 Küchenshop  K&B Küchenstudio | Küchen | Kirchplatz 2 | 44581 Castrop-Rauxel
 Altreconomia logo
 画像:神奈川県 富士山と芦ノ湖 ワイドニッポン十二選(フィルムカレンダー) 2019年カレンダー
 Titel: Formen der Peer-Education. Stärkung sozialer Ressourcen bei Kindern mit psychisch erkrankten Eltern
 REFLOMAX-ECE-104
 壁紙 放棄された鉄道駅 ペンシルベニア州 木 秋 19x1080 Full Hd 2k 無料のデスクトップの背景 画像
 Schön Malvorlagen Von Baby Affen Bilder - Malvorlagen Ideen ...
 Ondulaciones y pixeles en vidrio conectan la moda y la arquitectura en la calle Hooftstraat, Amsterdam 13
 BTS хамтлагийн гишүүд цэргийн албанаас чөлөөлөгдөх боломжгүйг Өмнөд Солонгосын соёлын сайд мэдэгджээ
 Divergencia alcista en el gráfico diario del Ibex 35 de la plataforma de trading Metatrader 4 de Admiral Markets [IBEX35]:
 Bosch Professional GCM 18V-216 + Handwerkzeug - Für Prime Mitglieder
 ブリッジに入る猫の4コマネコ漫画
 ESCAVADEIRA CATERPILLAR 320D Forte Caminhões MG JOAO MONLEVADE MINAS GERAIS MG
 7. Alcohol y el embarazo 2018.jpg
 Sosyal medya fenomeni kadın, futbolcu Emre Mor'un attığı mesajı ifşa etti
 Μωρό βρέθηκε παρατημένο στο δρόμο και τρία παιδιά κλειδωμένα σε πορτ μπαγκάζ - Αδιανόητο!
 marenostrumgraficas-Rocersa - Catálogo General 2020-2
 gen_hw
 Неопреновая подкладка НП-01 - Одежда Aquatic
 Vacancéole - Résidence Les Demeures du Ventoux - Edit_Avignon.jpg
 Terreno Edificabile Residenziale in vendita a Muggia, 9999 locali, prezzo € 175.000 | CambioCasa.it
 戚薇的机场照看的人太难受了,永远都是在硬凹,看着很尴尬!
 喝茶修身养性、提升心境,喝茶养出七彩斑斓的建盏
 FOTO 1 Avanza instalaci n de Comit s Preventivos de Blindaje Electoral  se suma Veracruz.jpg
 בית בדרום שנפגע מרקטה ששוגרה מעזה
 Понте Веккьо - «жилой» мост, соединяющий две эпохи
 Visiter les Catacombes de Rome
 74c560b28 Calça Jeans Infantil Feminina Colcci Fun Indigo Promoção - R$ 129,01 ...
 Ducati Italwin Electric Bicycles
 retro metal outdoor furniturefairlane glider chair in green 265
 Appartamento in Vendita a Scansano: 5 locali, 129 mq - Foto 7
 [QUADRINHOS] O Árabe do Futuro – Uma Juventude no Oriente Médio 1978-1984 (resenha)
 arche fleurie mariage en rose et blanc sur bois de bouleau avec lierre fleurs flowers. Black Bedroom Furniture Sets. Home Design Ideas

● Exercise details
Please give, as a single number with nothing added, the count of lines in the records that contain the word "locali".

● Result of the task
2